WORK TO COMPLETE
Every record below must come back exactly as written, with the images dropped.

Source data:
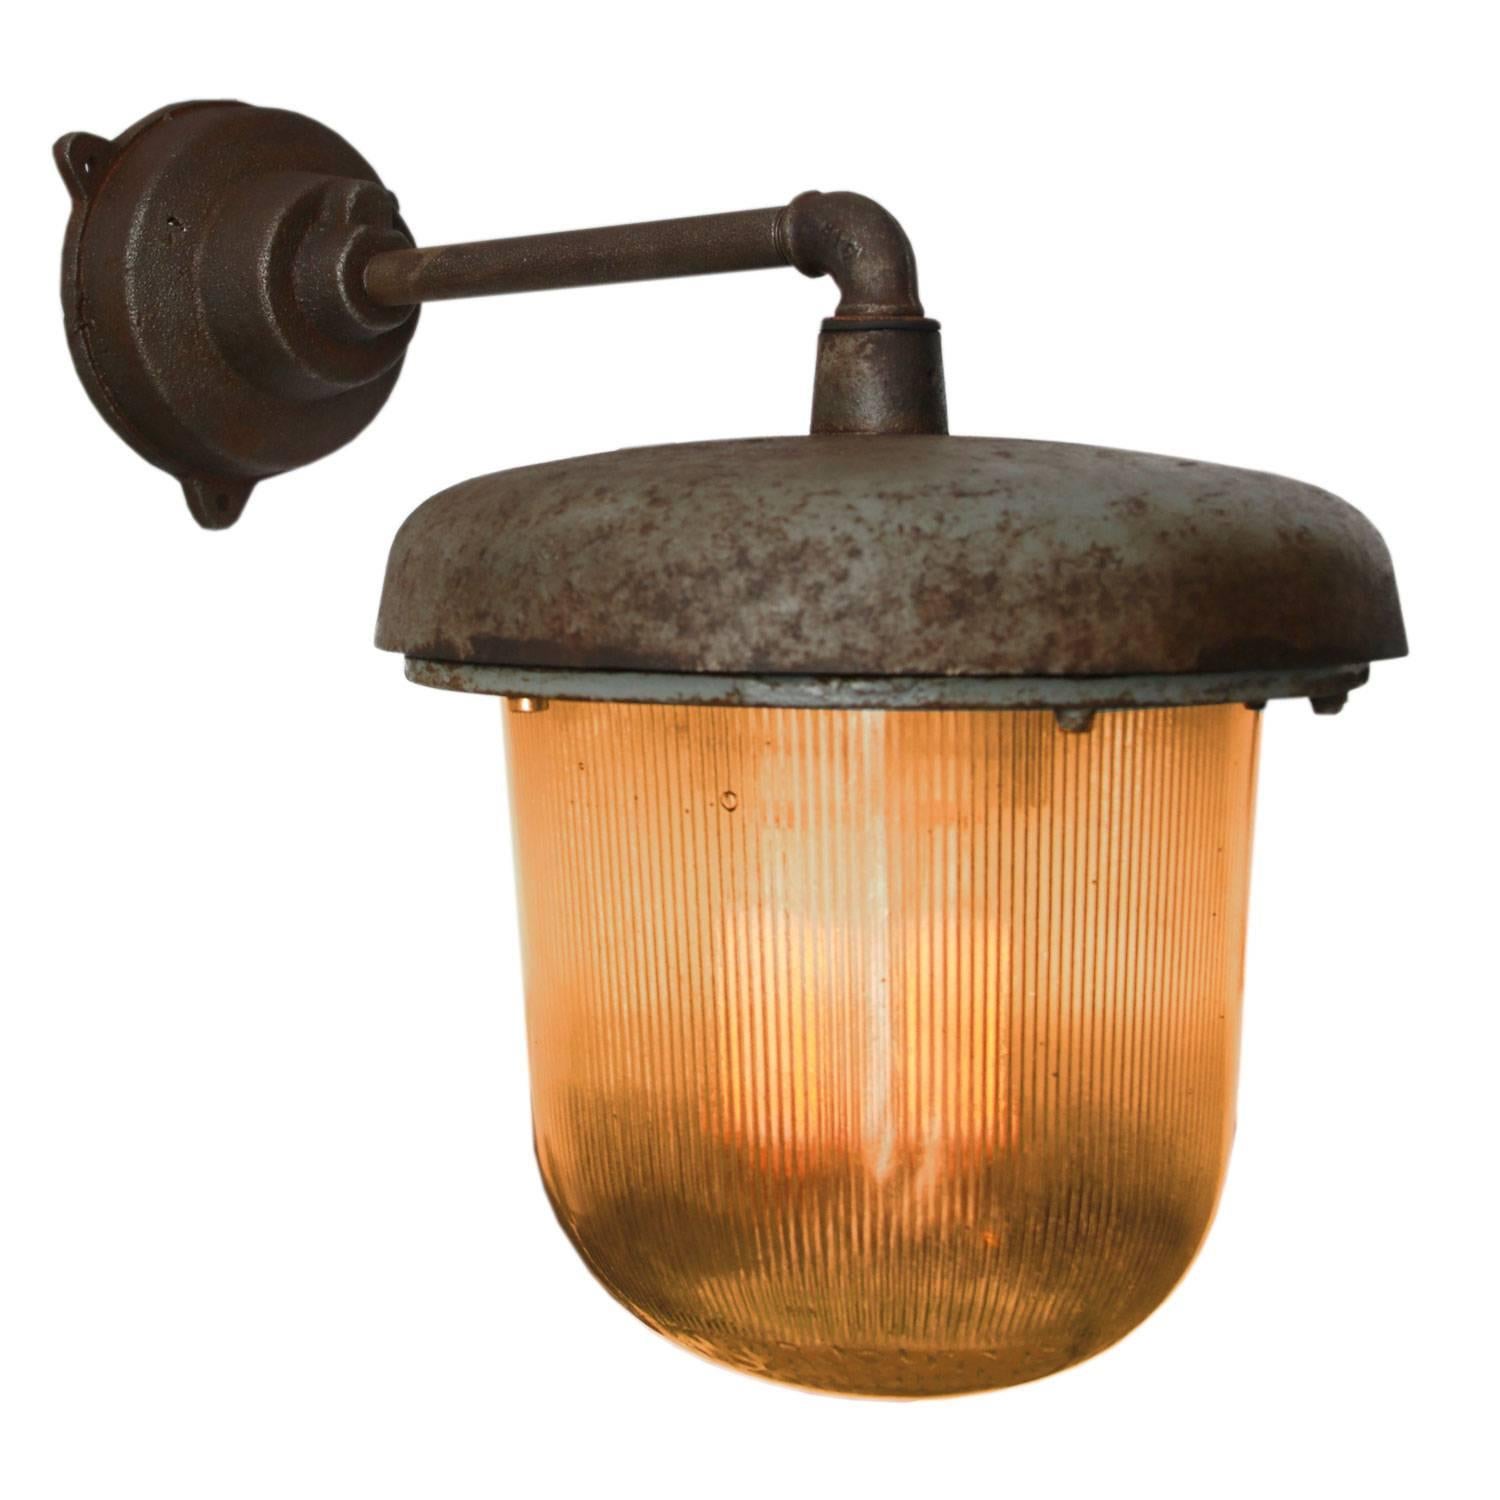 Cast iron Industrial wall light. Holophane glass. Diameter cast iron wall piece: 12 cm, 3 holes to secure. Maximum 150W E27.

Weight: 8.5 kg / 18.7 lb

All lamps have been made suitable by international standards for incandescent light bulbs,
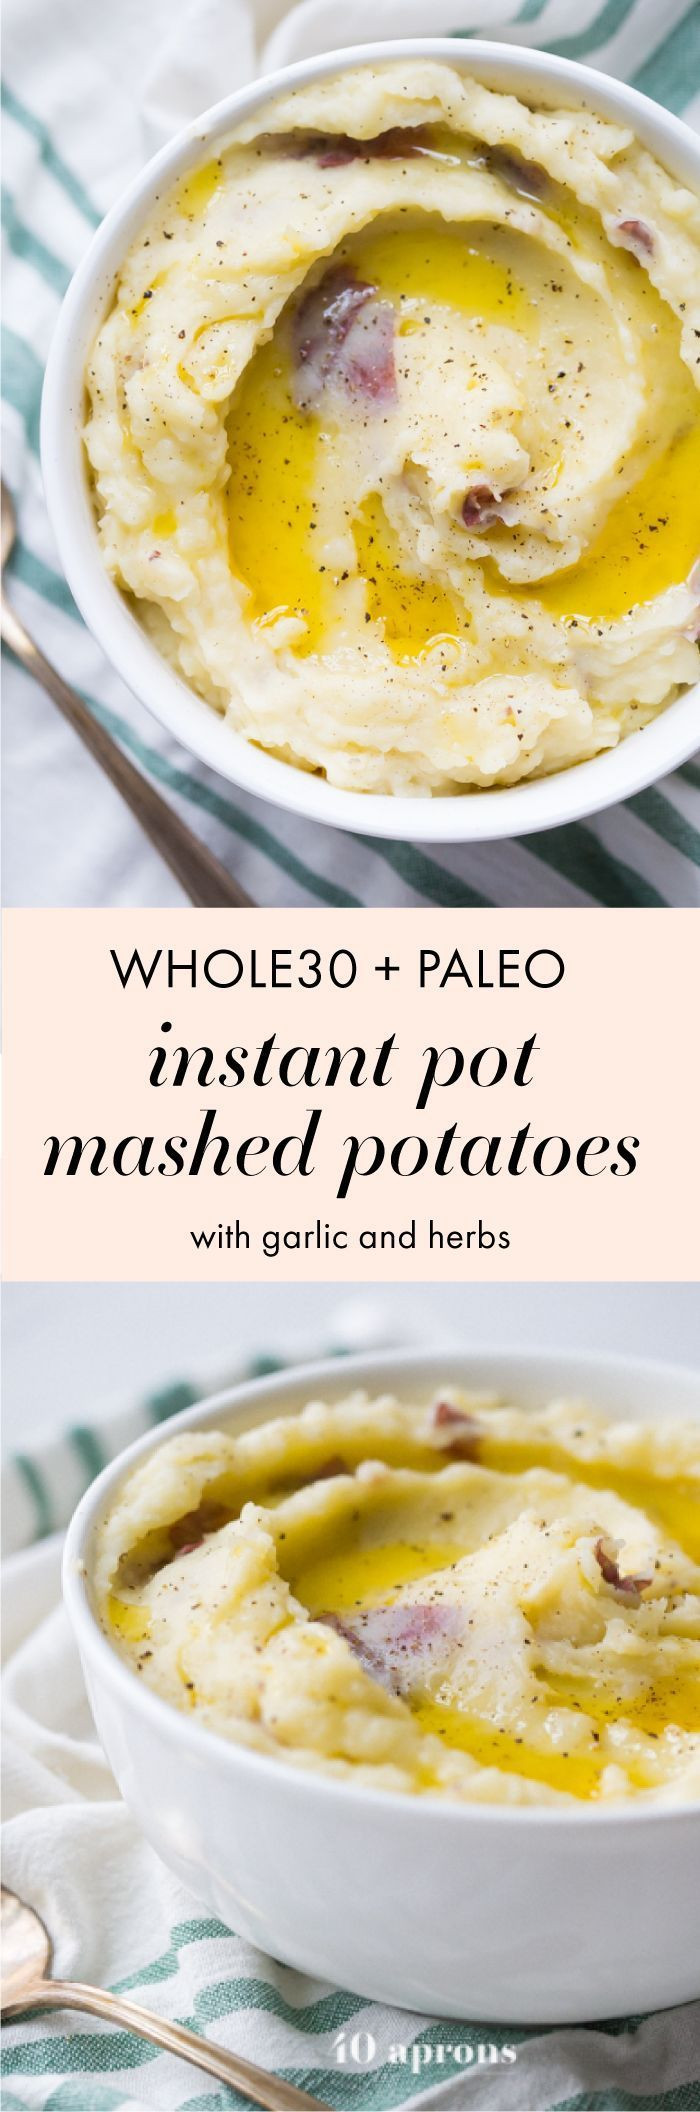 Are Instant Mashed Potatoes Healthy
 best The Best Paleo Recipes images on Pinterest

EXERCISE OUTPUT
 Cast iron Industrial wall light. Holophane glass. Diameter cast iron wall piece: 12 cm, 3 holes to secure. Maximum 150W E27.

Weight: 8.5 kg / 18.7 lb

All lamps have been made suitable by international standards for incandescent light bulbs,
 Are Instant Mashed Potatoes Healthy
 best The Best Paleo Recipes images on Pinterest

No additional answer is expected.